I try and absorb each change as I go along .. most don't make much difference .. but some drive me bananas!! Still that's life .. just get on with it!!

All the best
Hilary Melton-Butcher
Positive Letters

Sara - I'm in the same boat you are. I have a really difficult time letting go and just accepting that I cannot control some things. Great analogy about the tree. I love it. And, of course, you're welcome! :)

Hilary - Thank you! "Just get on with it" is such a good, and true, saying. When there's nothing we can do, we have to keep moving forward.

Oh yes! Anticipate change and remain calm...I need to remember that! Great post.

Caroline - Always easier said than done of course, especially if the change comes out of nowhere. If that happens, it's hard to anticipate it and it's definitely harder to keep calm, but, as I'm sure you agree with, it never helps to panic! Thanks for stopping by! :)

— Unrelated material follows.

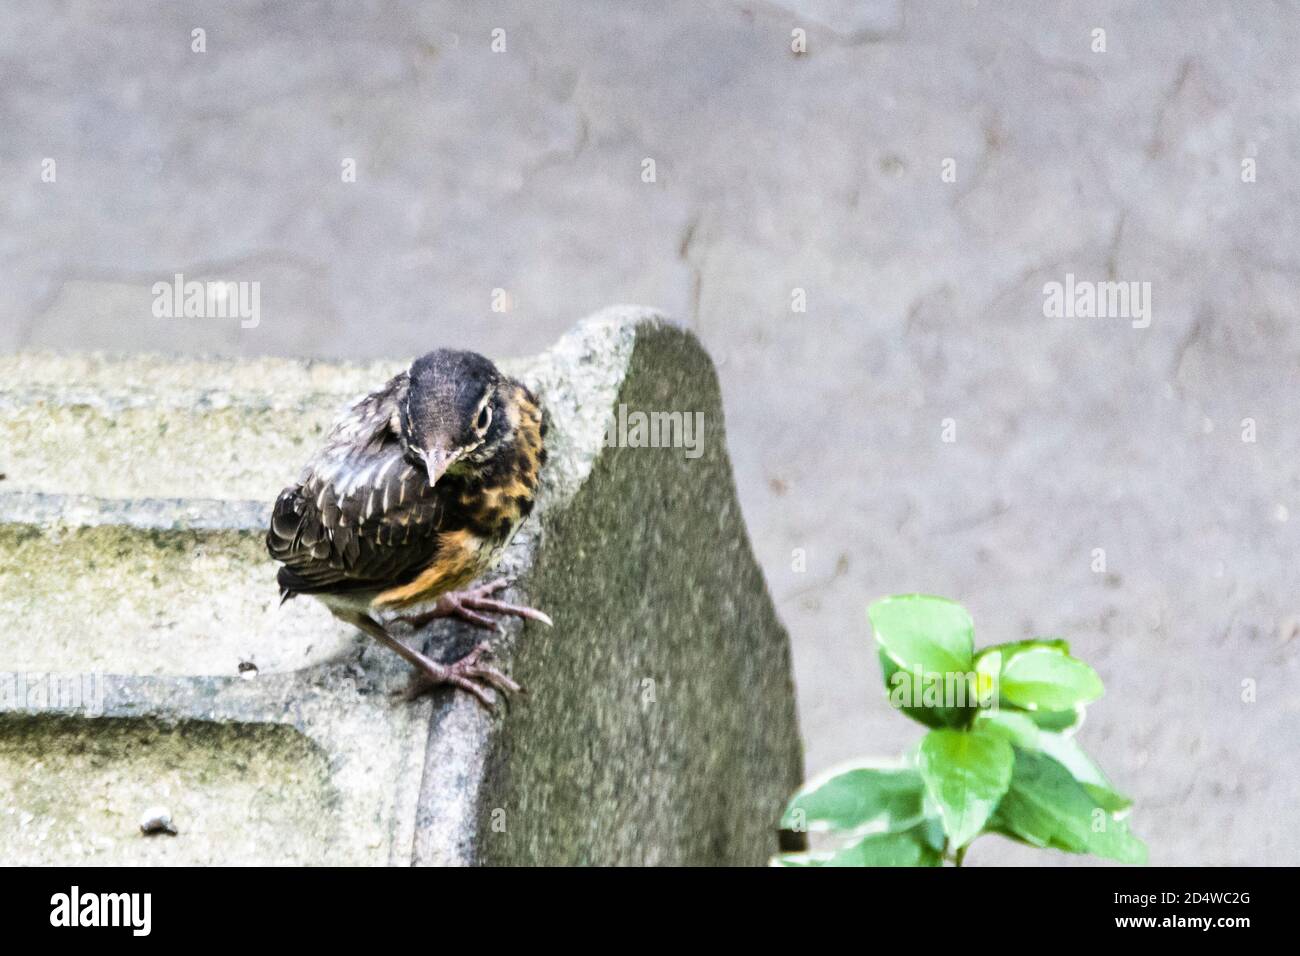 Cute little American Robin Fledgling, Turdus migratorius, in a Greenwich Village courtyard, New York City, NY, USA Stock Photo
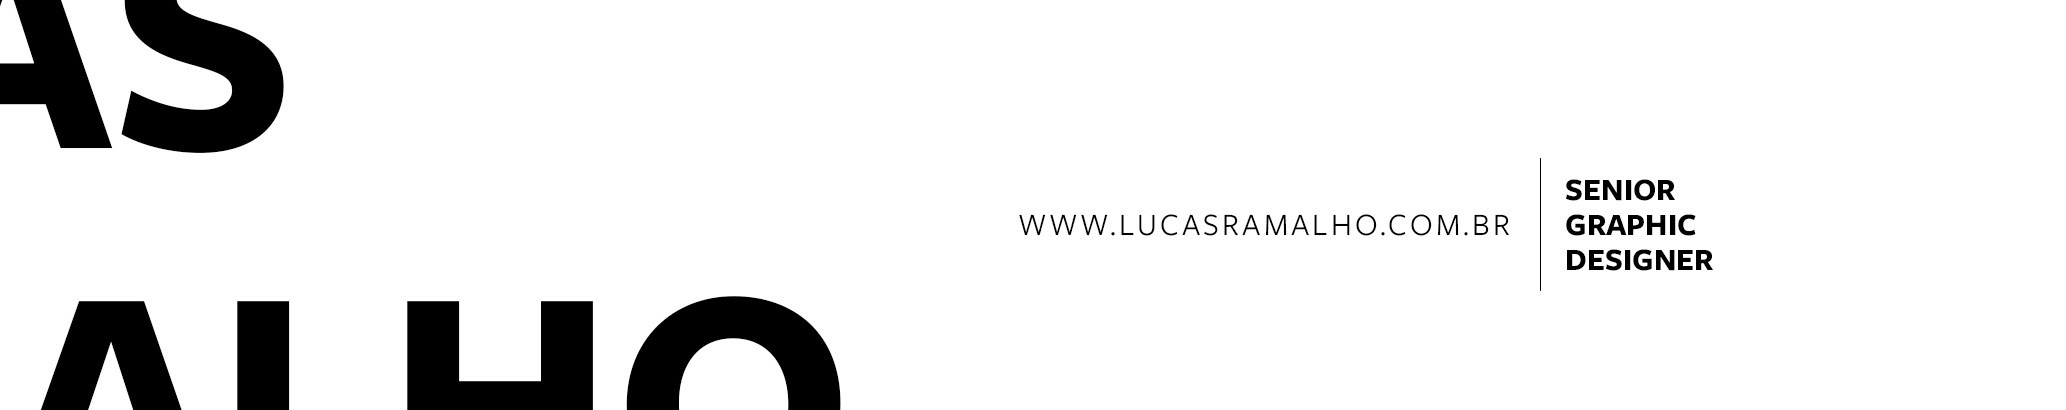 Lucas Ramalho's profile banner

As a control freak, the suggestion of letting go of the control hits home. It is hard! In our life, we have gone through many changes and been a part of many changes in situations. I used to panic, but now my family calls change "adventure". We set ourselves up to win in all circumstances. Instead of looking at the bad and what we might be losing, we are always looking at the positive. Having kids really helped me with this. I can't let the little ones see Mommy in a panic!

Love your blog! Thanks for finding me!

Marci - I'm a pretty big control freak too so it's really hard for me to deal with change that hasn't been put in place by me. That's great that you use the term "adventure" and try to focus on the positive. I love that! And your blog is great too. I'm glad I came across it.

Love your blog, its really a refreshing read! Keep up the inspiring work :)

Sarah - Thanks for coming by! I'm so glad you like it and thanks for your encouragement. :)

dani!!!

good to know you're in the southern hemisphere too :)


spring time = glory times :P

awwwsome tips... and if all else fails, just stop trying to control what's going on. god - whatever it is - doesn't need your help :)

hope all'sgood
a

Alex - I'm glad you enjoyed the tips! Great point about getting rid of the desire to control what's happening. I really believe that things happen as they are supposed to and my perfectionist tendencies never make life any easier!